No recognition of unsafe work reports or 'appreciation' for nurses
Jessica said RPH staff were supposed to submit what was called a Combined Hazard or Incident Reporting (CHoIR ) form if they had witnessed or experienced a dangerous situation.
However, for the past two years, she said, the reports had been met with silence.
"I'm sure that [management] are reading those CHoIR forms and I'm sure that they are aware of them, but there's no feedback … or recognition," she said.
Jessica said she didn't want to come across as a "whingeing nurse" and acknowledged that West Australian nurses had not had to deal with hundreds of dying COVID-19 patients, like their counterparts interstate and overseas.
She also knew the hospital was trying to recruit more staff.
However, she said, there were things WA Health could have done in the past two years, while the state was relatively COVID-free, to prepare and show they valued nurses.

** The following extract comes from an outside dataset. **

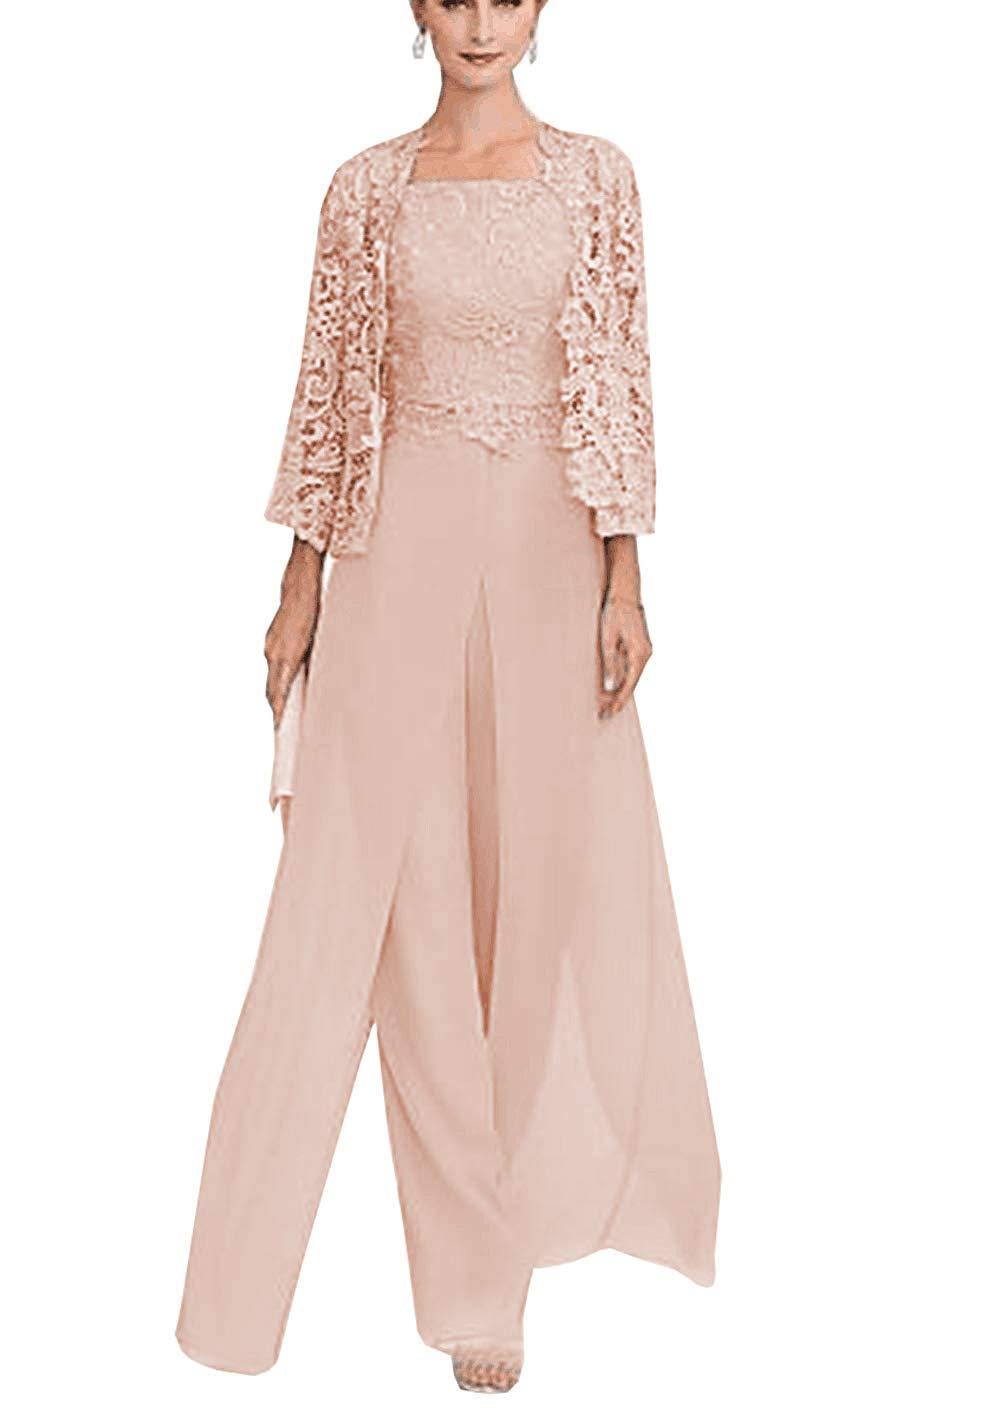 Women's Mother of Bride Groom Dress Pant Suits 3 Pieces ...

These included increasing the number of toilets in RPH's ED from just two male and two female and ensuring nurses had somewhere to sit during their tea breaks.

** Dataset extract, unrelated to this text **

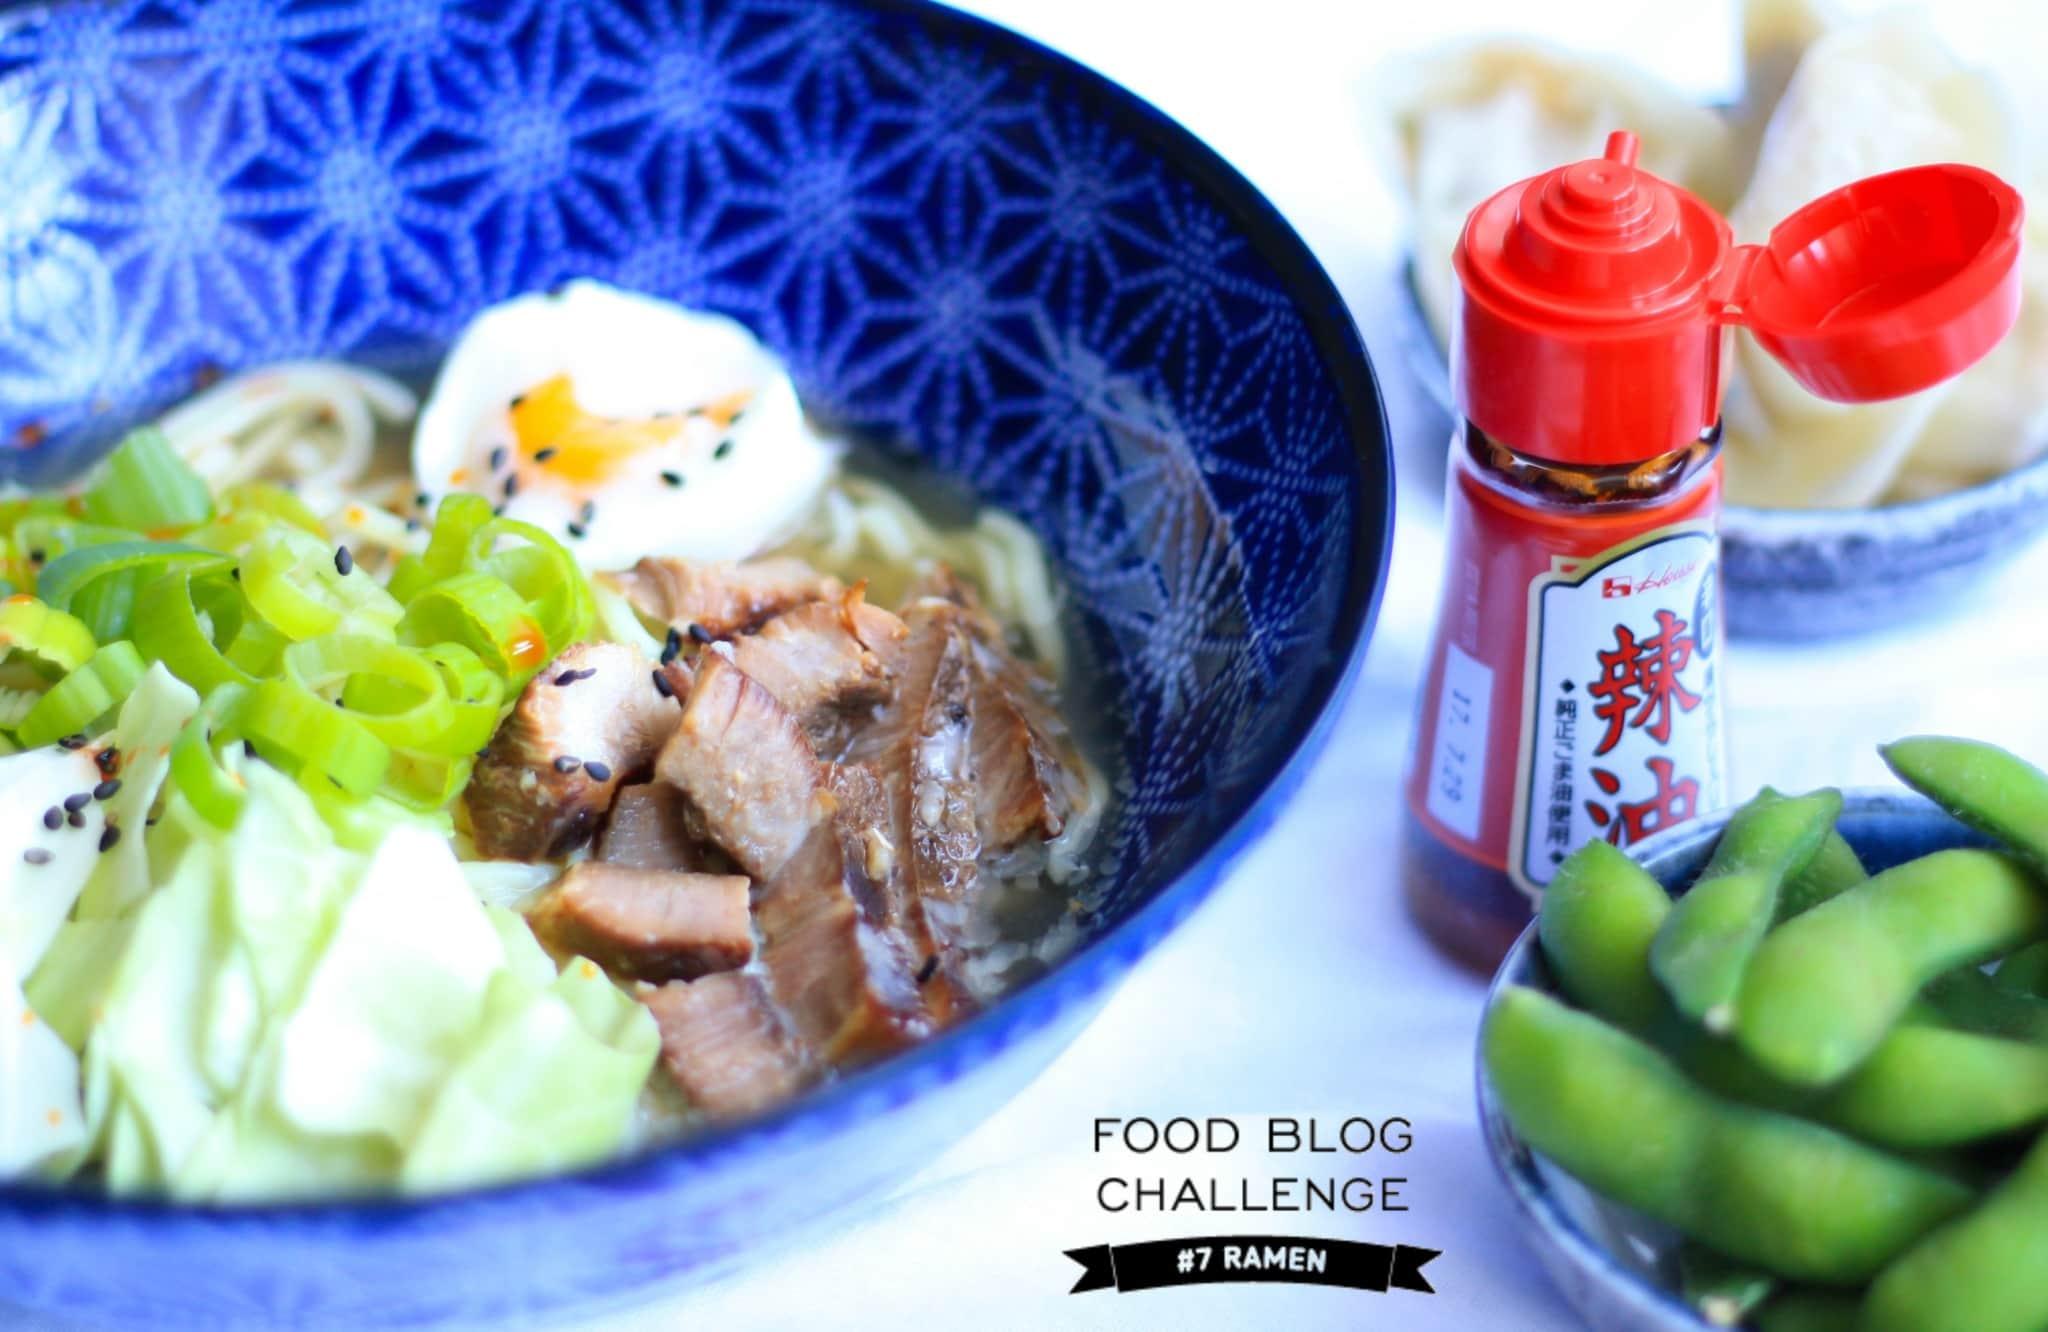 Ramen - Food Blog Challenge #7

"WorkSafe has come in recently and said that there's only meant to be six people inside that area [the staff tearoom] because of COVID … which is understandable," she said.
"[But] that includes people who are waiting for the toilet, who are waiting for their meal to heat up," she said.

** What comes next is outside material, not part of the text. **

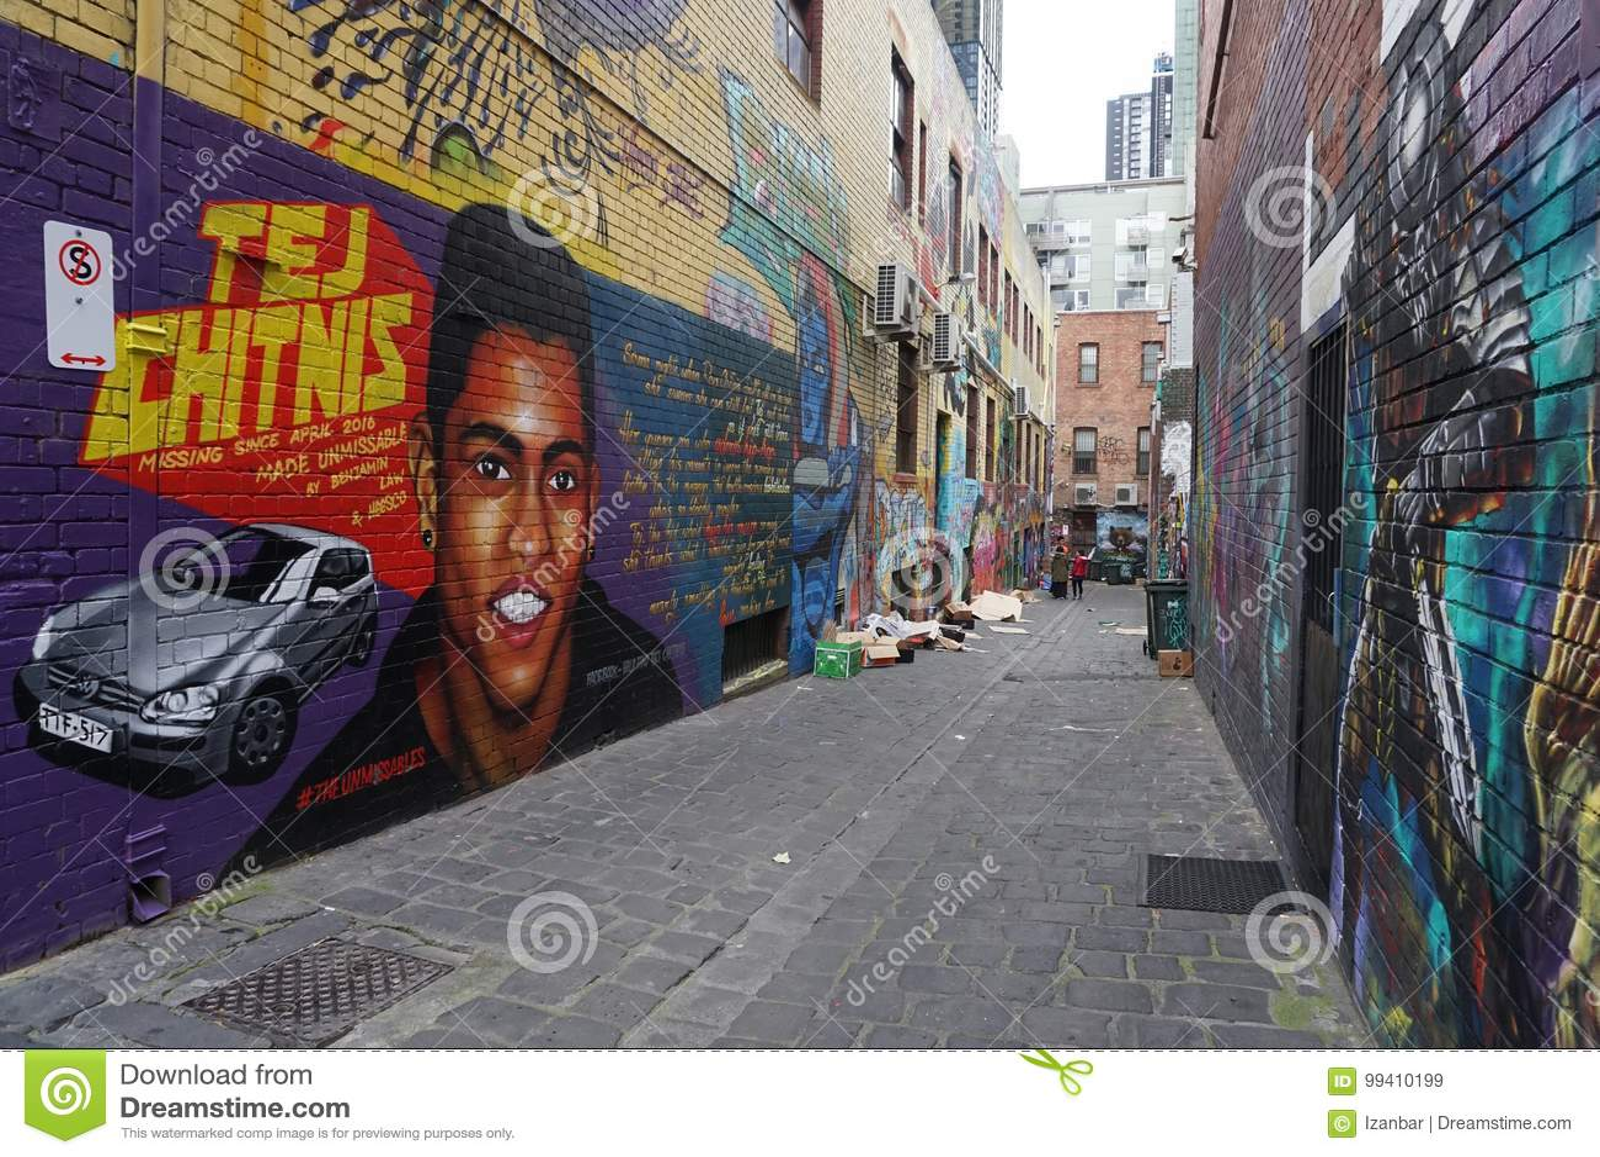 MELBOURNE, AUSTRALIË - AUGUSTUS 15 2017 - Muurschilderijengraffiti murales op stadsstraten

"[RPH] have taken away the desks and they've only left that number of chairs, just to enforce that, rather than looking at a solution," she said.
Michelle described the tearoom situation as a "little bit of a slap in the face when you're just trying to work really hard".
"I don't mind working hard," Jessica added.
Through its spokeswoman, RPH said it had implemented a "Stop the Violence" campaign and increased the number of security staff in the ED over the past year.
She also said RPH disputed Jessica's claim about CHoIR forms.
"RPH ED has worked with health and safety representatives who investigate every CHoIR and report and escalate issues raised," she said.
The spokeswoman said there were four additional toilets that ED staff could use on the floor below, "within the unit's staff designated locker rooms".
She added that, regarding the tearoom, staff were encouraged to take breaks "in the fresh air" and that there was "a large, staff-only HUB on-site with ample comfortable couches, kitchen tables and chairs, TV and coffee machines."
In its own statement, WA Health said it was "committed to the health and wellbeing of staff".
"The Department of Health and health service providers have been making ongoing, concerted efforts to recruit and retain healthcare staff in what is a challenging labour environment around the world," the statement said.
"This has included the Belong local, national and international recruitment campaign, and relocation incentives [flight and hotel quarantine costs] for international health professionals to move to work in health in Western Australia, and fast-tracking of local nursing and midwifery graduates into jobs."